=== Activity ===
Write the full listing out again, word for word, but omit the pictures.

------ Given material ------

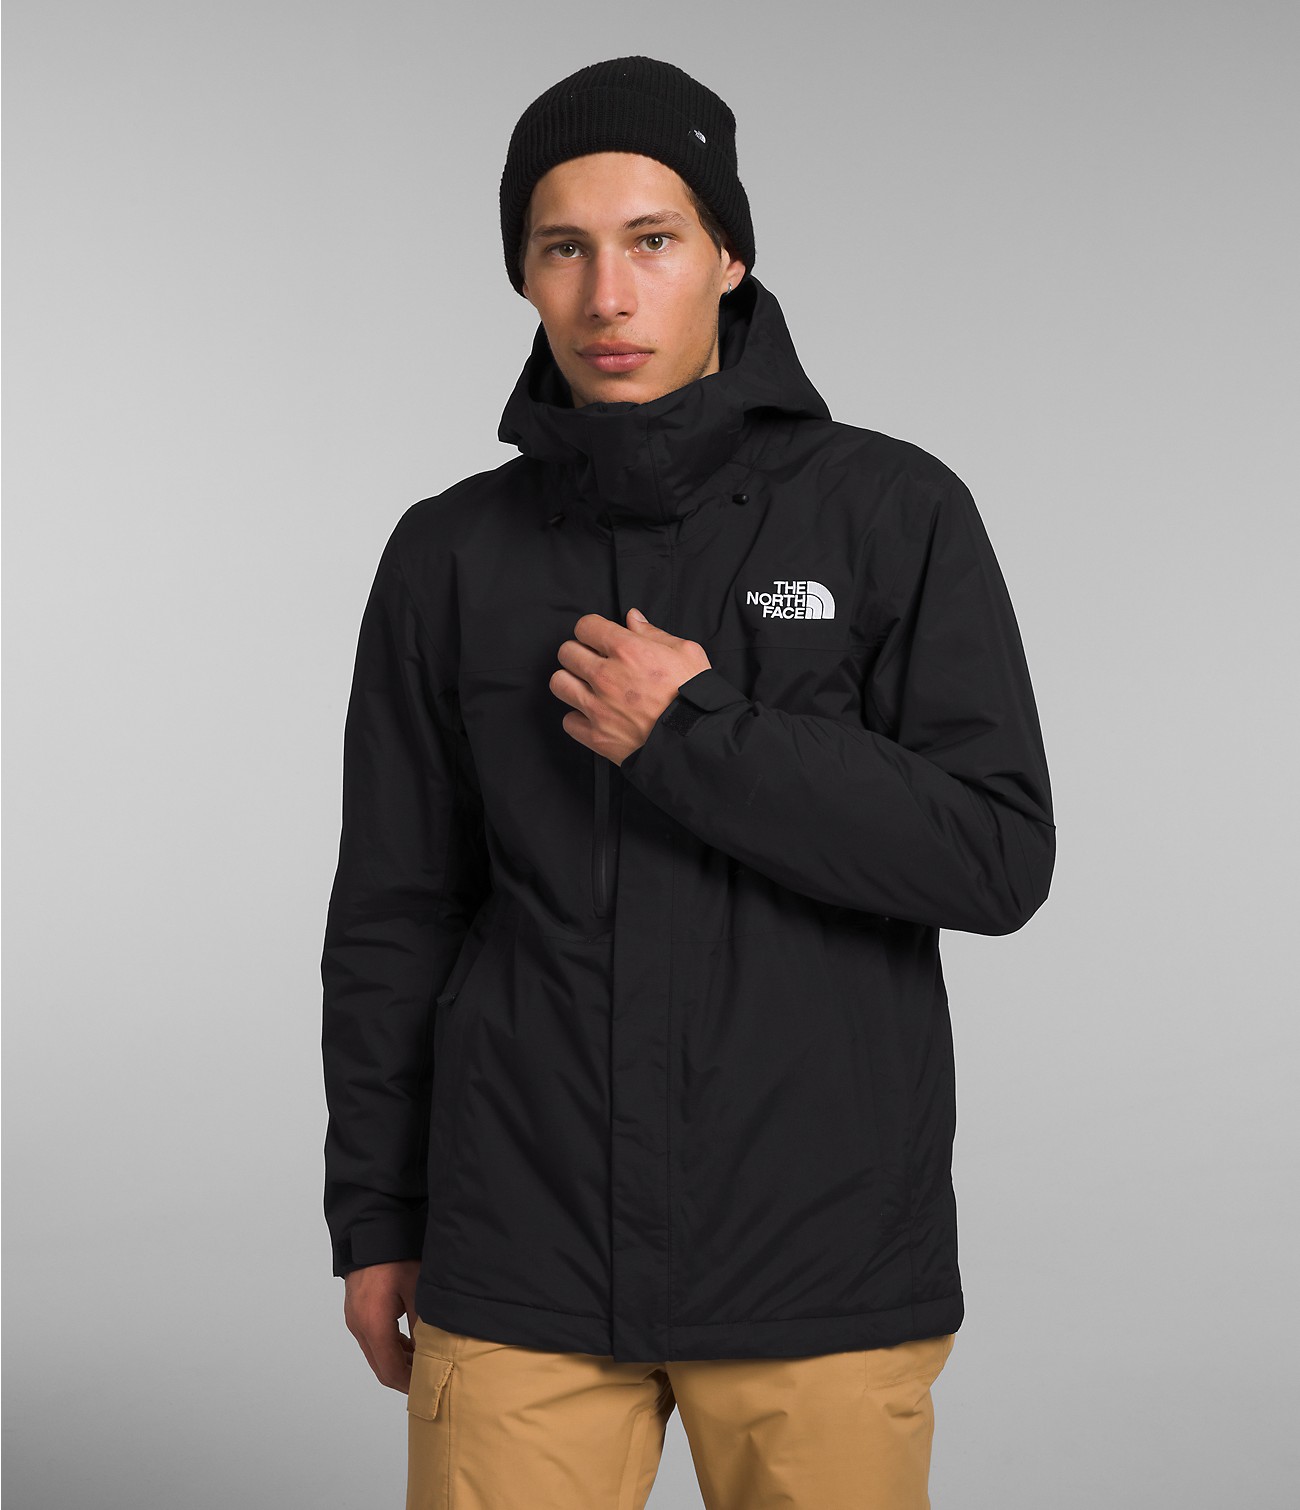 Unlock Wilderness' choice in the Oakley Vs North Face comparison, the Freedom Insulated Jacket by The North Face
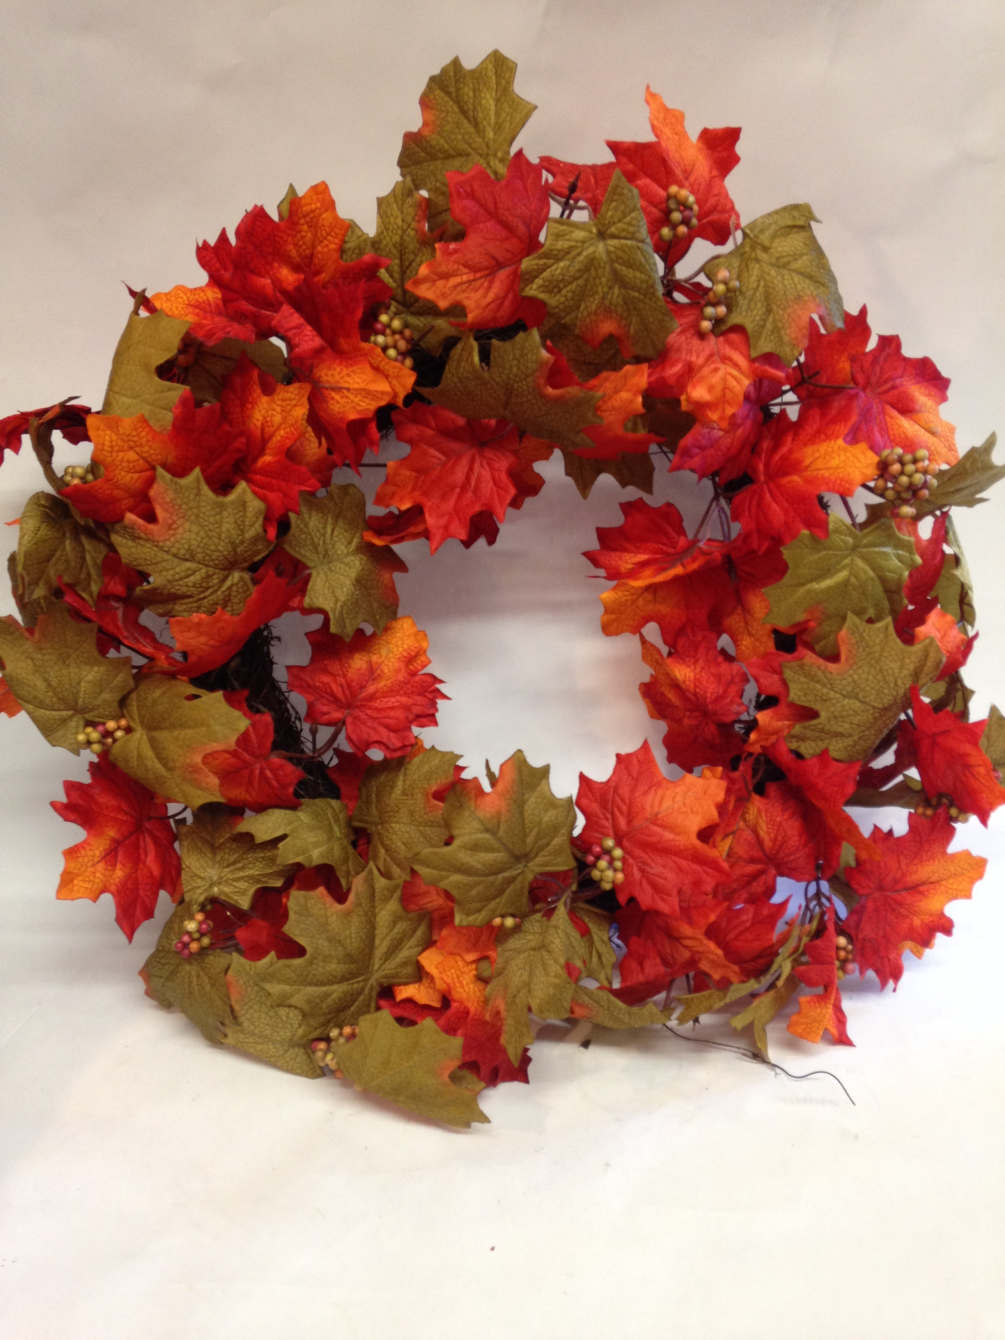 This bright autumnal wreath is perfect for any door or space to
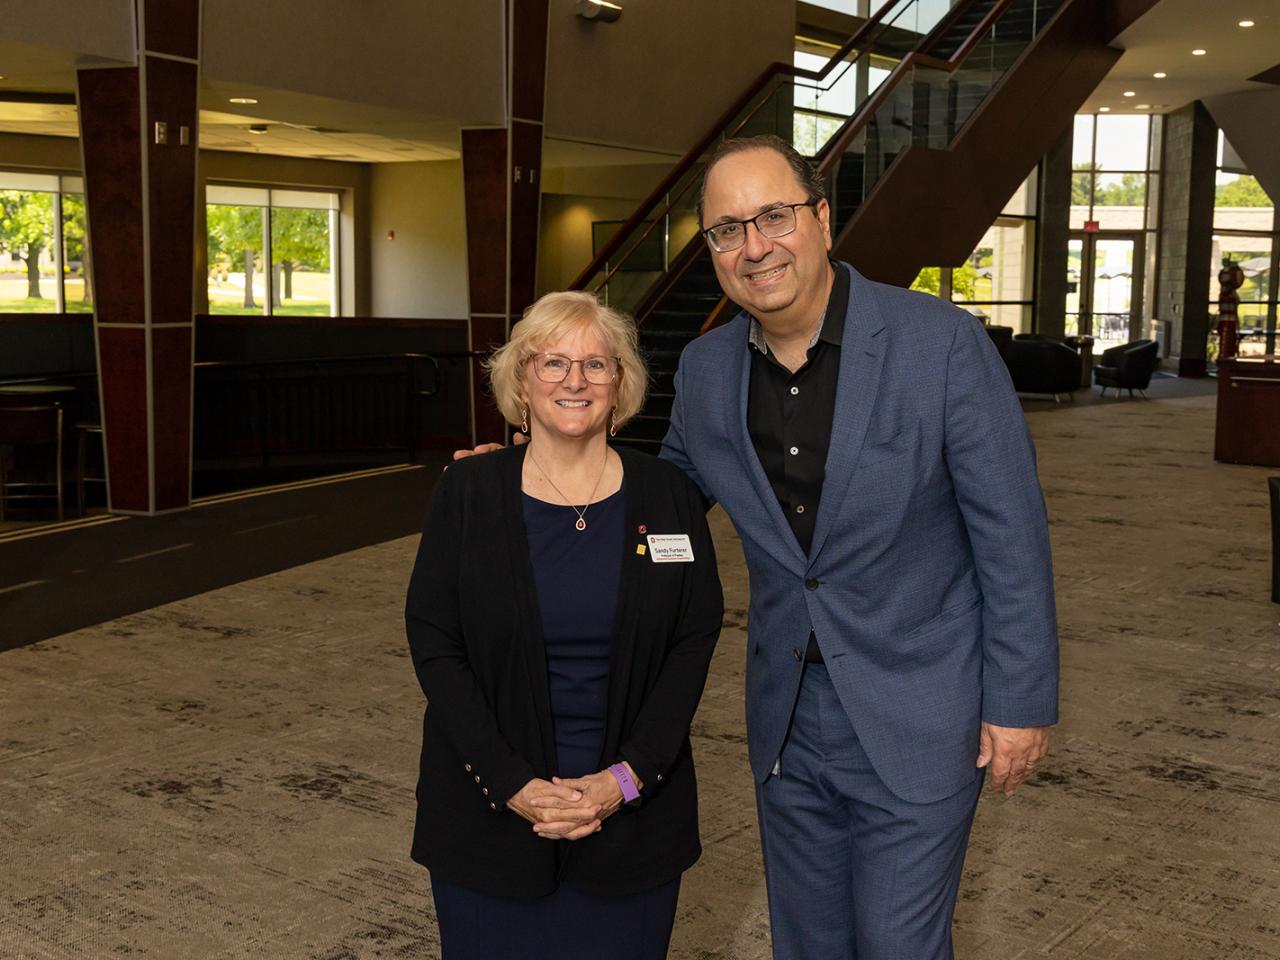 Portrait of Keyvan Esfarjani, Executive Vice President & Chief Global Operations officer at Intel Corporation with Sandy Furterer, Professor of Practice, Integrated Systems Engineering at The Ohio State University

------

=== Response to this task ===
 Unlock Wilderness' choice in the Oakley Vs North Face comparison, the Freedom Insulated Jacket by The North Face
 This bright autumnal wreath is perfect for any door or space to
 Portrait of Keyvan Esfarjani, Executive Vice President & Chief Global Operations officer at Intel Corporation with Sandy Furterer, Professor of Practice, Integrated Systems Engineering at The Ohio State University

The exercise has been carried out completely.